Saturday 30 June 2007

"Reply To All".....probably best not to..

The “Reply To All” button has been the basis of many a comedy round-robin email. I’ve seen a few recently which I’ll detail in a few days. The first one I saw evidence of…sorry the second one. I must pay tribute to Claire Swire…143,000 hits if you Google her. That one happened in 2000. I was sent a copy as it went round the UK. Beautiful.

In fact get a swatch of this link.
http://www.firstfoot.com/php/glossary/phpglossar_0.8/
It’s an amazing explanation of how some of us speak.

In 2005, in a normal insurance office in Glasgow, a female manager emailed the team managers to let them know she would be round to collect the collections for “dress down Friday” (a tedious tradition).

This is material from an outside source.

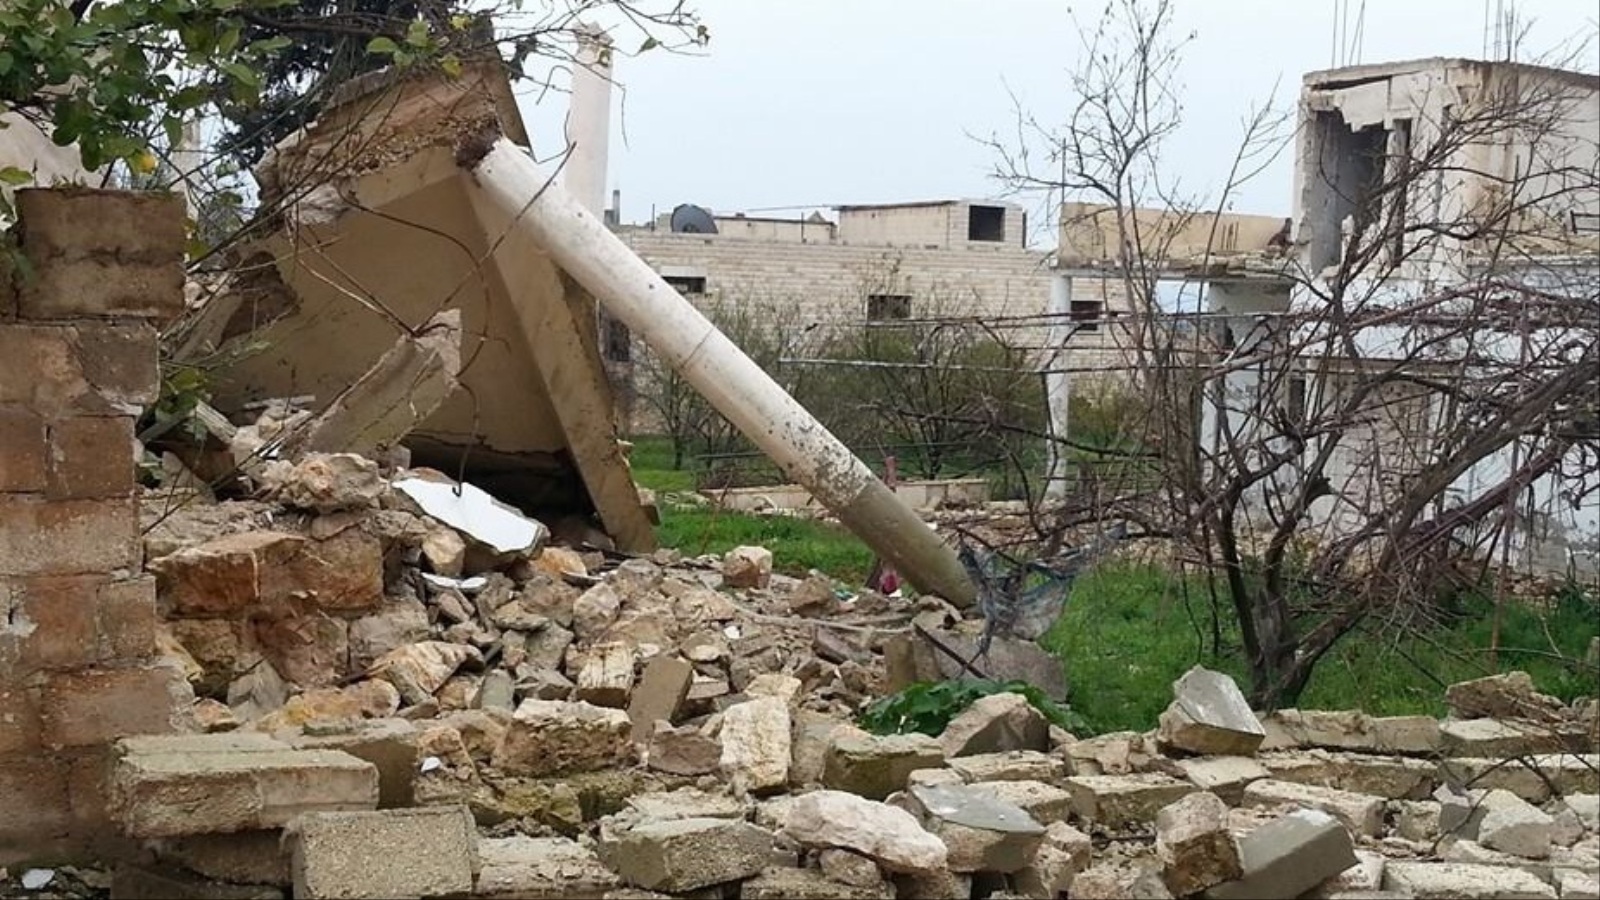 القصف دمر أجزاء كبيرة من منازل كفرزيتا وسمح للبرد باختراقها (الجزيرة)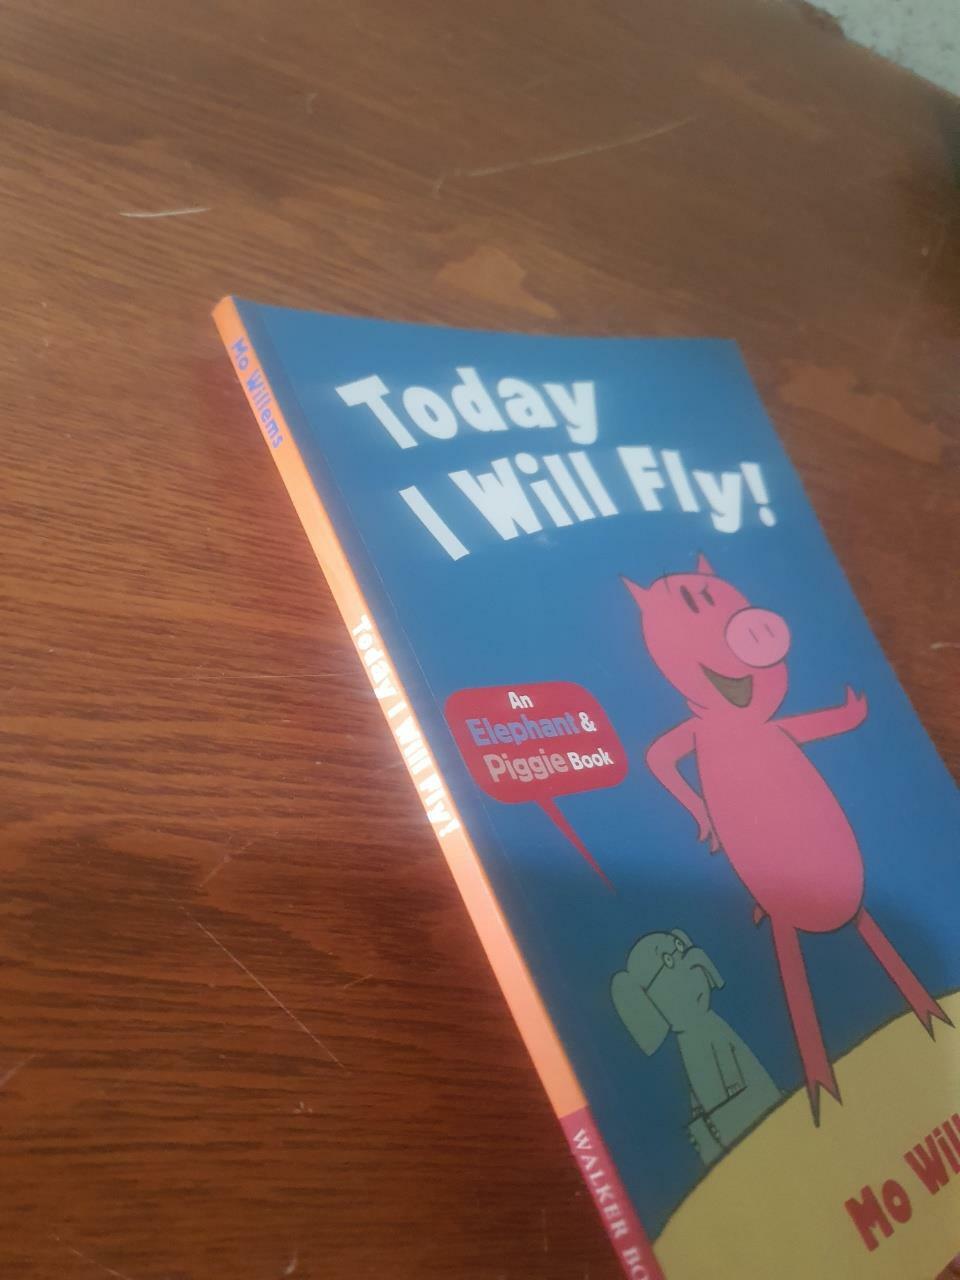 [중고] Today I Will Fly! (Paperback)

Instead of hitting “reply”, the offending manager managed not just to reply to the few team managers who received it, but the company standard distribution lists which covered a couple of hundred people.

The original email explained how the recipient would be donating the money to their Minister to buy supplies for a project in South America.

I haven’t even retyped this, it’s copied and pasted from the original email….....

”Subject: RE: Dress Down Money…………….I need to know that mine is going to latino kiddies in nicaragua and not those wee bastards in Ecuador”. End quote.

Need I say more.

That email was sent round further on distribution lists, moving faster than a privy door when the plague’s in town.

Friday 29 June 2007

Goth Pensioner

Getting the train home at 5pm is always a blessing. Even more so when you see some of the freaks that the town is sending home.

Have you ever seen the Goth pensioner? I have. Twice in recent weeks.

It was early May and there was this old woman, not younger than 60 I reckon, dressed in dark flowing clothing, with a painted white face (more like whitewash, like the first coat you put on the garden fence and you can still see the brown through it) and crows feet drawn on with eyeliner, around the eyes.

Very weird. She’s probably someone’s grandmother. Think of that.

Thursday 28 June 2007

Picky Homeless Bastard

A man was standing outside Glasgow Central Station, munching hungrily on a greasy burger and chips after a few post-work hours in the pub.

He was approached by a scruffy guy who declared he was homeless and hungry.

This guy kindly offered the homeless his burger and chips, and after a couple of seconds, the homeless guy said;

"I dinnae like burgers," and walked off.

What a picky bastard.

Thursday 21 June 2007

Pensioner Confused by The Gay

Sauchiehall street, lunchtime.

There’s differing levels of “being gay”. 0 (you’d never know) to 10 (camp as hell), and the guy I was walking towards was about a 7.

He was literally flouncing down the street, chatting on his mobile, in his light flouncy voice, dressed in skinny black jeans, trainers and some shirt which had floaty bits on it. I gave him a little look before my eyes were drawn to the woman behind. A short pensioner.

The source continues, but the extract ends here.